Pesticide contamination in fruits and vegetables has become a serious concern due to its detrimental effects on human health and the environment. Currently, the widespread utilization of pesticides such as Glyphosate, Chlorpyrifos, Neonicotinoids, Mancozeb, and Pyrethroids during fruit and vegetable cultivation has been associated with adverse health effects in humans. These effects encompass symptoms such as headaches, dizziness, skin irritations, nausea, vomiting, and more severe implications involving the nervous system, endocrine system, and immune system. Additionally, extended or repetitive exposure to specific pesticides may be linked to chronic illnesses, including cancer, fertility issues, and neurodegenerative diseases. Furthermore, from an environmental standpoint, pesticides have the potential to inflict harm upon ecosystems by disrupting the balance and unintentionally targeting non-beneficial organisms, including beneficial insects and wildlife. Residues of these pesticides can infiltrate soil and water sources, resulting in detrimental consequences for both soil ecosystems and aquatic life, ultimately undermining ecological equilibrium. The indiscriminate use of pesticides in agricultural practices has led to the accumulation of harmful residues in food products, posing significant risks to consumers. Consequently, the development of reliable and sensitive detection methods for pesticide residues has gained substantial attention.
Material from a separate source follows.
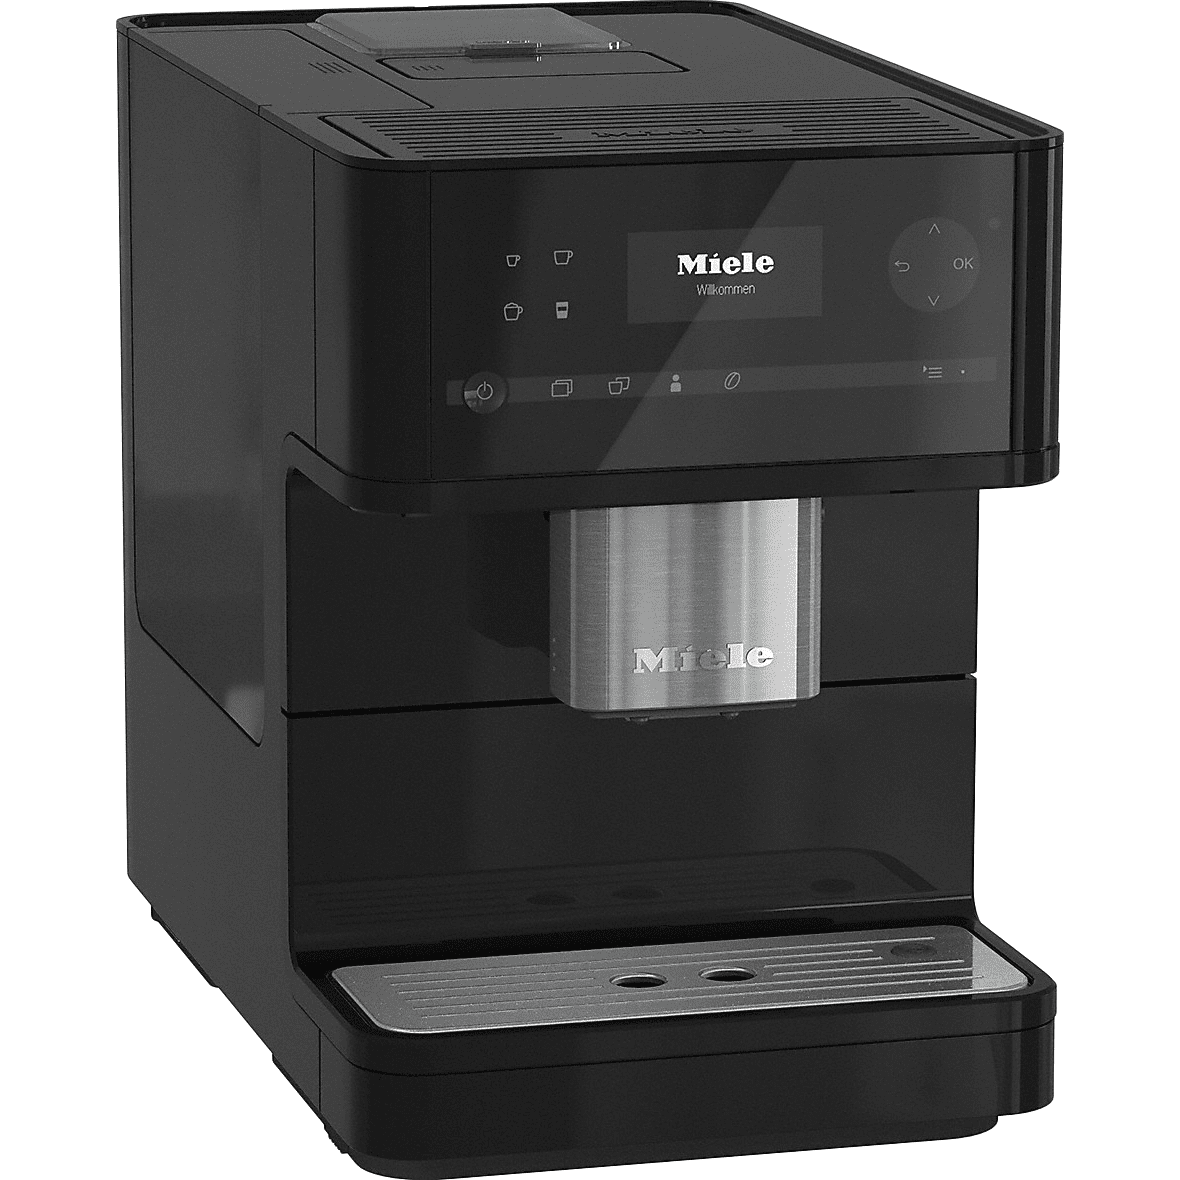 Miele Cm6150 Countertop Espresso Machine

The conventional detection methods for pesticides, as well as the national standard methods, primarily involve High Performance Liquid Chromatography (HPLC), Mass Spectrometry (MS), and Gas Chromatography (GC). These methods have been widely recognized for their reliability (Cunha et al., 2011). However, these traditional approaches suffer from inefficiency, requiring complex sample pretreatment, expensive instrumentation, and trained personnel. With global crop production reaching unprecedented levels, the demand for pesticide detection exceeds the capabilities of traditional methods.

To address these limitations, recent research has focused on the development of innovative sensing platforms for pesticide detection. One promising avenue is the utilization of sensors based on various transduction principles, such as fluorescence, colorimetry, and electrochemistry. These sensor-based approaches offer several advantages over traditional methods, including simplicity, rapidity, cost-effectiveness, and the potential for on-site analysis.

In this review, we aim to provide a comprehensive overview of sensor-based detection methods for pesticide residues in fruits and vegetables. We will discuss the principles, characteristics, and applications of fluorescence sensors, colorimetric sensors, and electrochemical sensors. By examining the latest advancements in sensor technology, we will highlight the potential of these approaches in addressing the challenges associated with pesticide detection.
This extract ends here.